Evocative of New York’s Flatiron Building and borrowing parts of its plan from Le Corbusier’s Unite d’Habitation in Marseille, the tower is wedged between Victoria Street and Darlinghurst Road – across from the landmark Coca-Cola billboard, erected in 1974.
An adaptive re-use of the site’s former 15-storey Mercure Hotel, the tower is distinctive for its curvaceous hourglass form and sculptural, tiled podium, which Durbach Block Jaggers director Neil Durbach describes as a “pale green version of the Coca-Cola sign.”
The tower comprises 135 apartments, including three dual-level penthouses. SJB designed the interiors for much of the building, while Studio Aria designed the penthouses. Aspect Studio was responsible for the landscape design.
Some of the apartments feature sections inspired by the 1952 Unite d’Habitation, where the apartments are dual level and L-shaped in section, allowing one level to have access to natural light and ventilation at both ends.
Speaking with ArchitectureAU earlier this year, Neil Durbach described the building’s distinctive appearance, noting that the façade features 200 distinct elements.
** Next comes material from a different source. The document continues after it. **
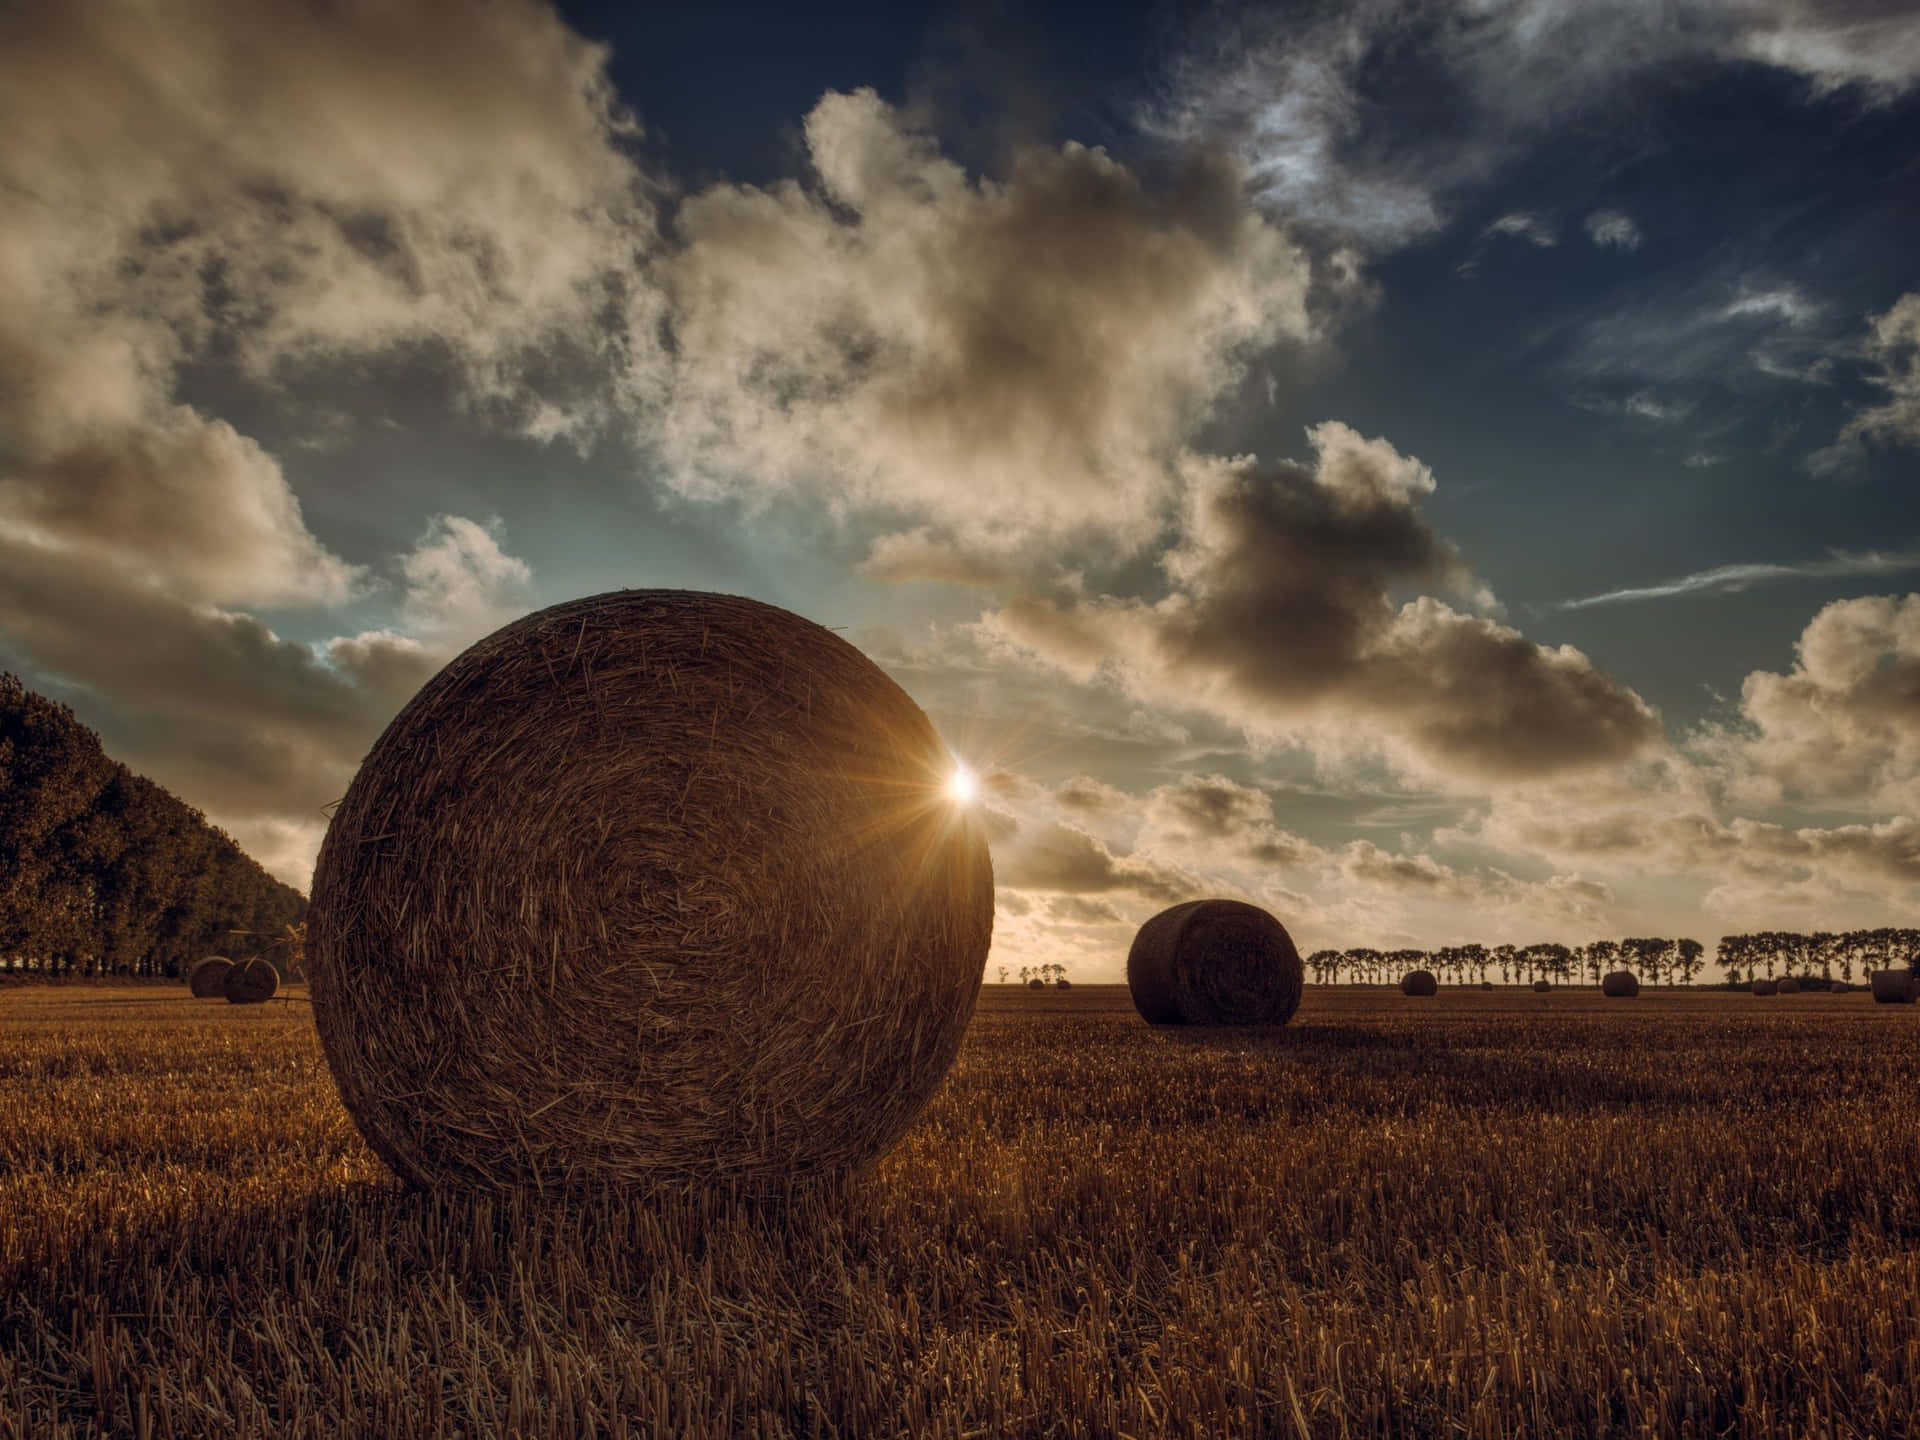 Hay Bales In A Field With The Sun Setting Behind Them

“It’s a huge amount of variation, but the building looks incredibly calm; you would have no idea that it’s such a crazy series of components,” he said.
“I think with a lot of buildings, especially apartment buildings, there’s no variation but they sort of disguise it to look like there is variation.
“For us it was this inverted thing: you try to hide complexities, where as other people try to invent complexities.”
The building’s hourglass shape was achieved by decreasing the length of each slab by 180 mm per floor over 10 levels and then increasing the size of the slabs again.
The $320 million tower is the project of developer Greenland Australia. The company’s managing director Sherwood Luo said, “This exceptional build quality is important given Omnia’s high-profile location, which effectively redefines the gateway to Potts Point and Kings Cross, one of Sydney’s most iconic food and beverage and entertainment precincts.”